The practical impact is real. I have seen cases where switching from cosine to inner product on the same dataset changed three of the top five results. If your RAG pipeline returns mediocre answers and you have already tuned your chunking strategy and prompt, check the distance function before anything else. It is a one-line configuration change that can transform result quality.

Know the Scaling Ceiling

pgvector is not a dedicated vector database. It is an extension that adds vector operations to PostgreSQL, and PostgreSQL was not designed to be a vector search engine at scale. In practice, pgvector handles up to about five million vectors comfortably on a db.r6g.xlarge instance with proper HNSW indexing. Past ten million vectors, expect query performance to degrade under concurrent load, and index build times to become a deployment bottleneck.

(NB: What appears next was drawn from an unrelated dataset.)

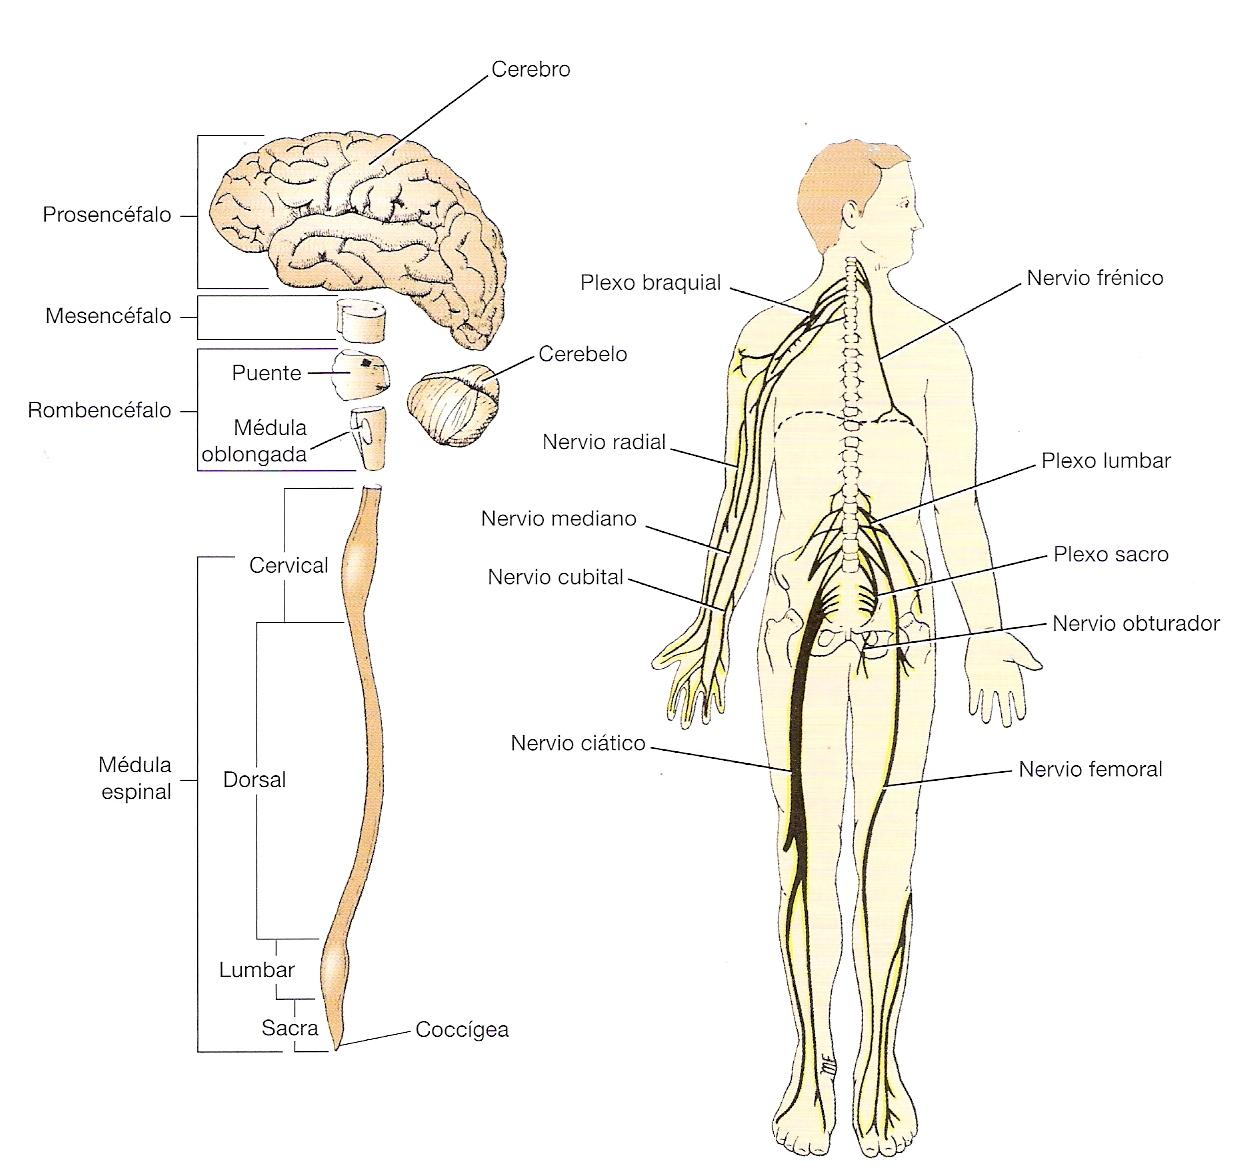 El Sistema Nervioso Consorcio De Neuropsicología Cnc

For most teams, this ceiling is not a problem. The majority of production RAG systems index fewer than five million documents. If you are in that range and already running PostgreSQL, adding pgvector is the right call. You avoid the operational complexity of a separate vector database, keep your data in one place, and eliminate an entire category of infrastructure to manage.

If you are genuinely approaching the ten million mark, look at pgvector-scale (which adds partitioning and distributed indexing) or evaluate a dedicated solution like Pinecone or Weaviate. But make that decision based on actual data volume, not on anxiety about future scale.

The Config Is the Bottleneck

The pattern I see repeated is predictable. Week one, a team adds pgvector and it works great. By month two, queries slow down and nobody thinks to check the index. By month four, someone proposes migrating to a managed vector database. By month six, a senior engineer adds one HNSW index and the problem disappears.

pgvector is a genuinely excellent tool for most production RAG systems. The mistakes that break it are not bugs or limitations. They are configuration gaps that tutorials gloss over and documentation buries. Fix the index, right-size the dimensions, pick the correct distance function, and know your scaling ceiling. That is the entire playbook.

What vector store is your team running in production right now?

Top comments (1)

Edwin • May 31

Spot on about chunking. Most tutorials completely skip over it, and then people wonder why their retrieval metrics are garbage even though their DB queries are fast.

I got so tired of rebuilding this exact chunking logic and worrying about hitting concurrent rate limits on my Postgres instance that I eventually just pushed the whole pipeline out of line into a dedicated BullMQ setup with a worker on Railway.